Philip Mangano, the federal government’s top homeless official, came to Santa Barbara touting permanent housing “for every American” as the solution to homelessness, more cost-effective and humane than seasonal shelters. “Rob Pearson is great,” Mangano said of the City of Santa Barbara’s Housing Authority director, after touring the El Carrillo studios for the formerly homeless. (/manganotour)

Mayor Marty Blum denounced as “complete fabrication” a rumor promulgated by Santa Barbara News-Press editorial page editor Travis Armstrong that the mayor planned to resign. Armstrong wrote on 7/12 that Blum had been discussing the possibility with family and friends, and he predicted that she would resign in a few days, citing health reasons. Blum publicly challenged Armstrong to produce any such confidant and said her health-despite a bout with cancer and a double-mastectomy four years ago-has never been better. (/blumquitrumor)

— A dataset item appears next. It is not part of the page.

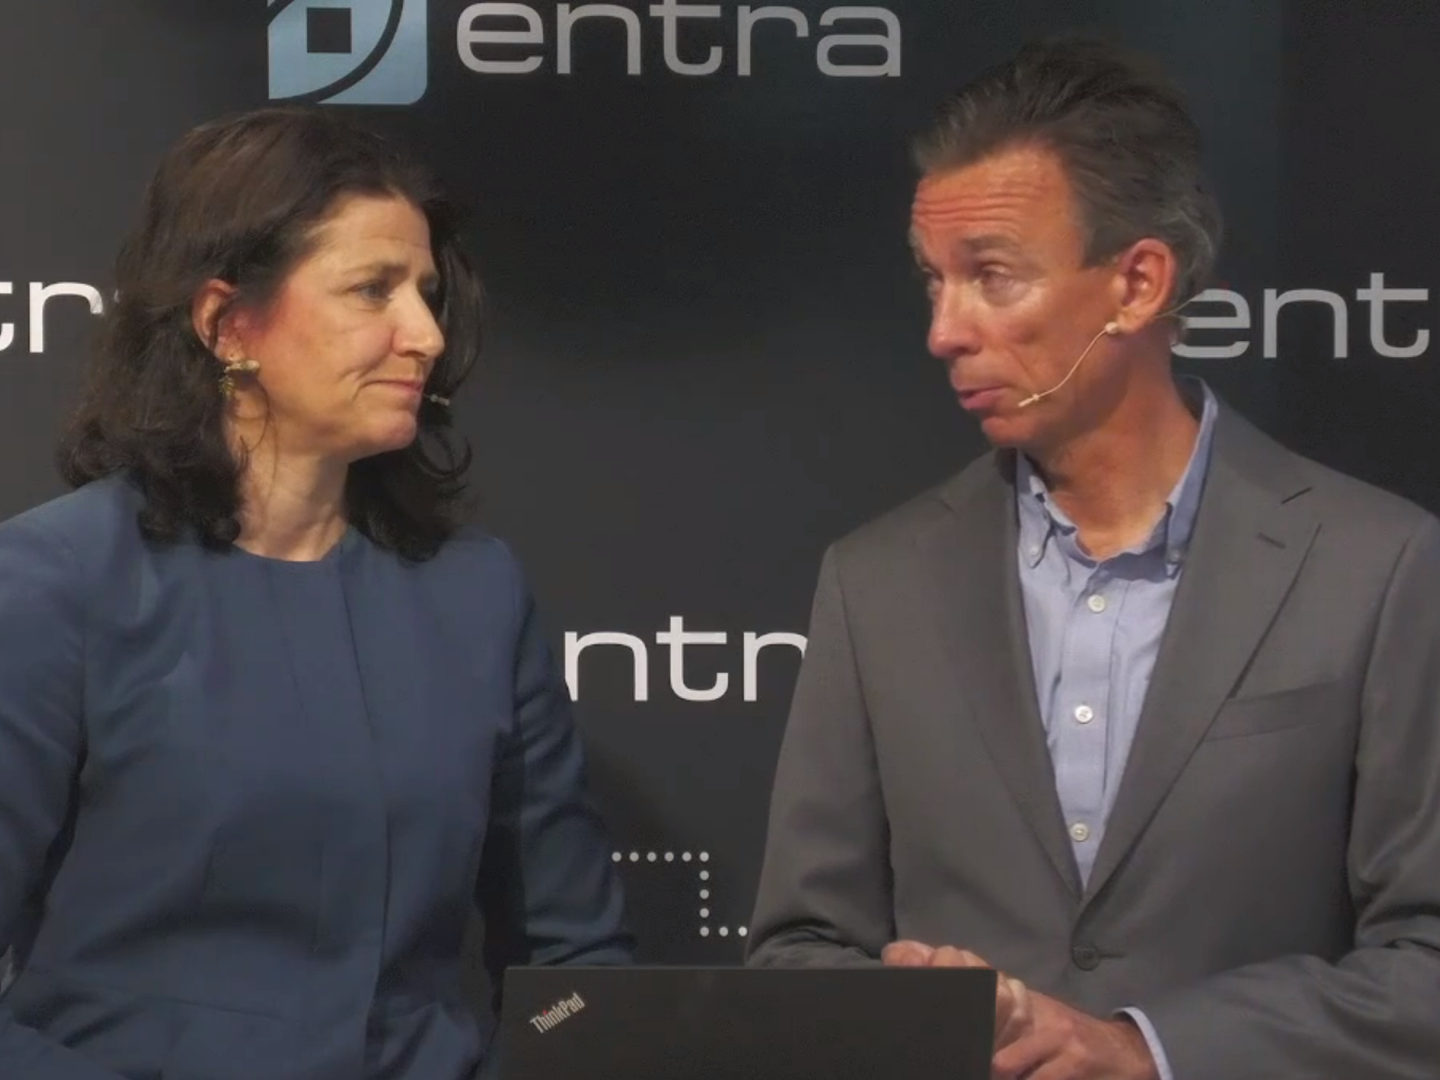 BLIR NEDGRADERT: Administrerende direktør Sonja Horn og Anders Olstad i Entra. | Photo: skjermdump av webcast på Entras hjemmeside

Mel’s Lounge, a State Street institution since 1963, is closing on August 24. Mel’s owner Mike Knapp said his rent was doubled to about $10,000 by property owner Hughes Land Holding Trust of Santa Barbara. A bar and pool hall that opens at 8:30 a.m., Mel’s has been something of an anachronism in Paseo Nuevo ever since the mall was built around it in the early 1990s. (/melsclosing)

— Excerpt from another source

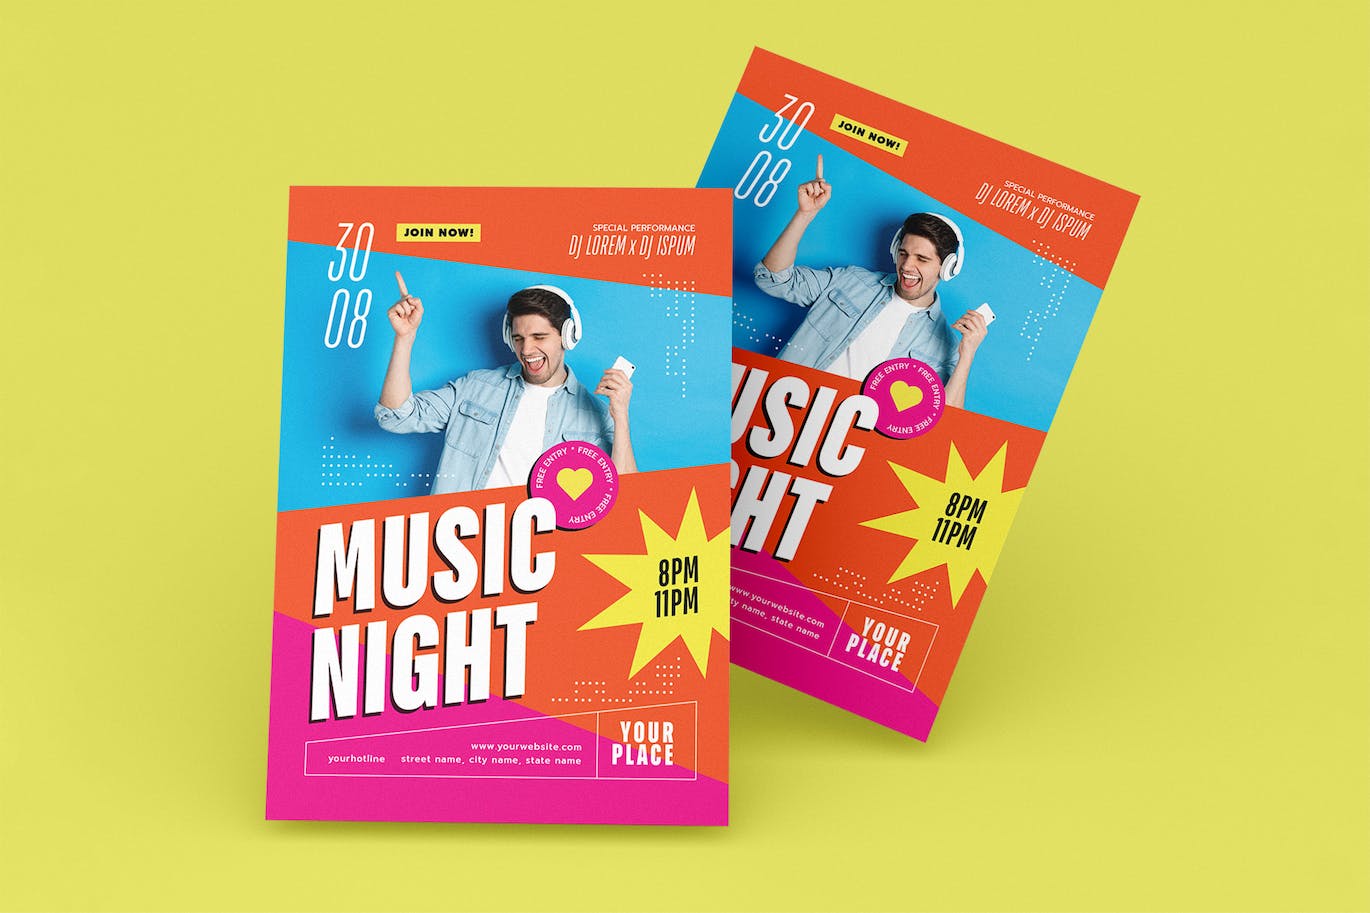 音乐之夜派对传单设计模板 Music Night Party Flyer

The city has ordered an earlier-than-scheduled bathymetric survey to determine how much storage capacity remains in Gibraltar Reservoir, from which the city gets about 35 percent of its water. Storms following the Zaca Fire washed debris into Gibraltar from its 60-percent-burned watershed, and water commissioners fear that the reservoir’s capacity may now be as low as 2,000 acre feet, which is only enough for about 4,000 households for one year.

The Creeks Division and the Parks and Recreation Department are contracting with Questa Engineering Corporation to draw specifications for two more Mission Creek fish passages, one on Highway 192 and the other at Tallant Road. The work would open almost five more miles of creek to migrating steelhead trout.

The Ordinance Committee drafted new rules for the waterfront which, if approved by City Council, will give the Waterfront Director authority to impound vessels whose owners don’t pay their fees, or who moor in the harbor without permission. Now the director merely threatens to seize the vessels.